Views didn’t seem to have a built-in way to do it. I couldn’t think of a standard-ish way to describe my challenge in order to find relevant posts on drupal.org. Content recommendation modules seemed similar, but I wasn’t familiar with any of them enough to know which one would be the closest to hack for my cross-type comparisons and 100% match requirements. So it was time to hack my Views query.

After several attempts, I settled on the approach of precalculating how many terms were associated with each session node. I created a table with the information and used the following query to populate it in my install file.

db_query("INSERT INTO {node_term_count} 
  SELECT nid, vid, count(tid) AS term_count 
  FROM {term_node} GROUP BY nid, vid");

I also used hook_nodeapi to update the table on insert, update, and delete operations.

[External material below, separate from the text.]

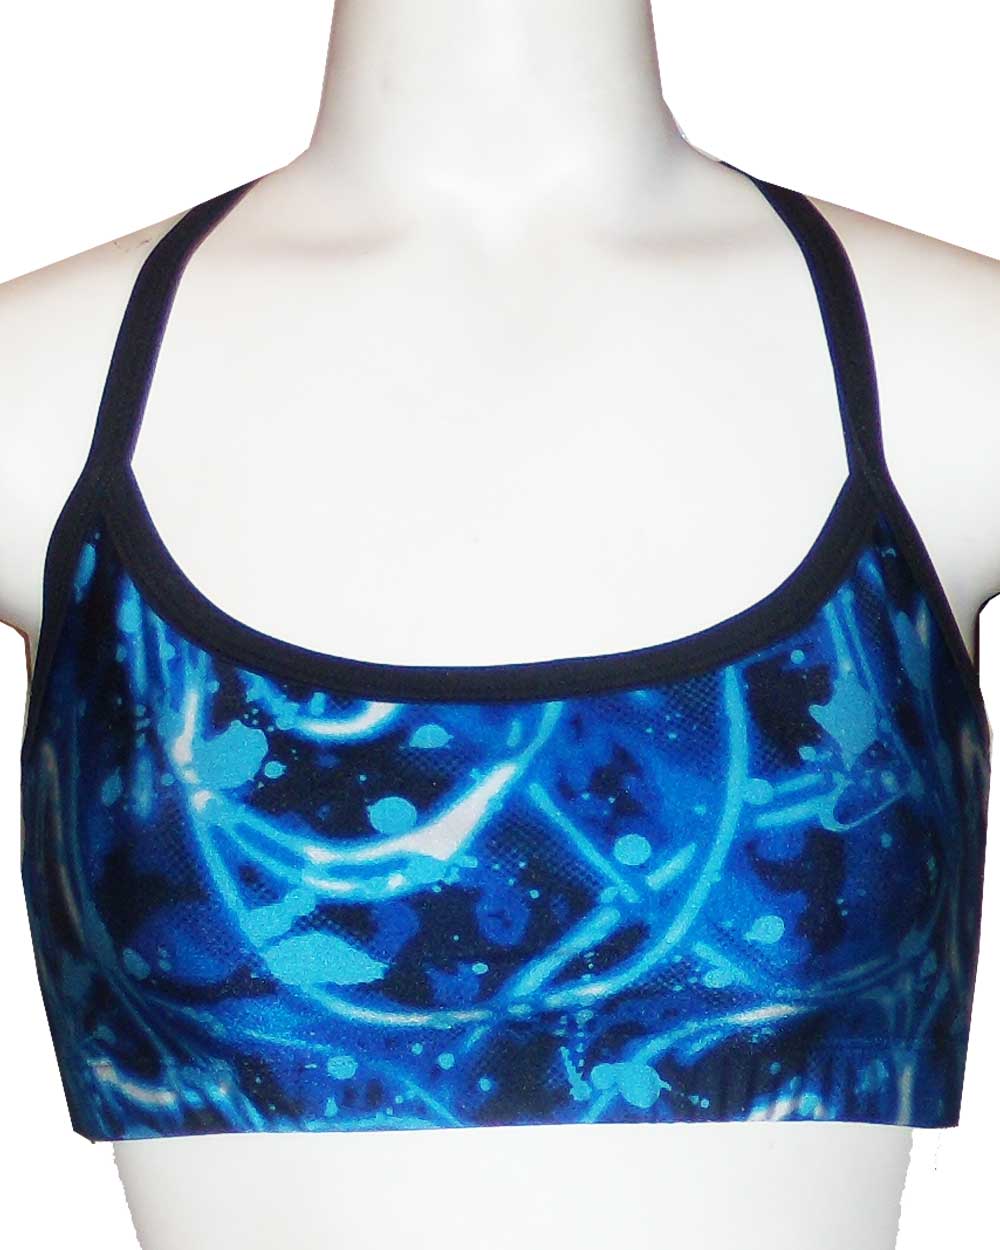 Galaxy blue sports bra | hot yoga top | by Sweat-n-Stretch

Then I started experimenting through the SQL console. I used COUNT and GROUP BY to find out how many terms the session had in common with the person. Selecting from that MySQL subquery let me filter the list to the nodes where the total number of terms equaled the number of terms the session had. I ended up with a query that looked like this:

SELECT nid, vid FROM (SELECT tns.nid, tns.vid, 
  COUNT(tns.tid) AS match_count, 
  c.term_count FROM term_node tns 
  INNER JOIN node_term_count c ON tns.vid=c.vid 
  WHERE tns.tid in (55, 56, 42, 39, 41) 
  GROUP BY tns.vid) AS result 
WHERE term_count = match_count;

When I was happy with the query, I used hook_views_pre_execute to change my $view->build_info['query'] and $view->build_info['count_query']. With all the other filters I needed, it eventually looked like this:

    $view->build_info['query'] = "SELECT * FROM (
SELECT tns.nid, tns.vid, count(tns.tid) AS match_count, c.term_count, workflow_node.sid FROM node n 
INNER JOIN term_node tns ON (n.vid=tns.vid AND n.nid=tns.nid)
LEFT JOIN workflow_node workflow_node ON n.nid = workflow_node.nid 
INNER JOIN node_term_count c ON tns.vid=c.vid
INNER JOIN content_type_session session ON (n.nid=session.nid AND n.vid=session.vid)
INNER JOIN node school_node ON (session.field_session_school_nid=school_node.nid)
INNER JOIN content_type_school school ON (school_node.nid=school.nid AND school_node.vid=school.vid)
INNER JOIN content_field_session_dates date ON (n.nid=date.nid AND n.vid=date.vid AND date.delta=0)
WHERE (n.type in ('%s')
AND workflow_node.sid=%d
AND session.field_session_request_mode_value = '%s'
AND (n.status <> %d) 
AND (DATE_FORMAT(ADDTIME(date.field_session_dates_value, SEC_TO_TIME(-14400)), '%Y-%m-%%d') >= '" . date('Y-m-d') . "')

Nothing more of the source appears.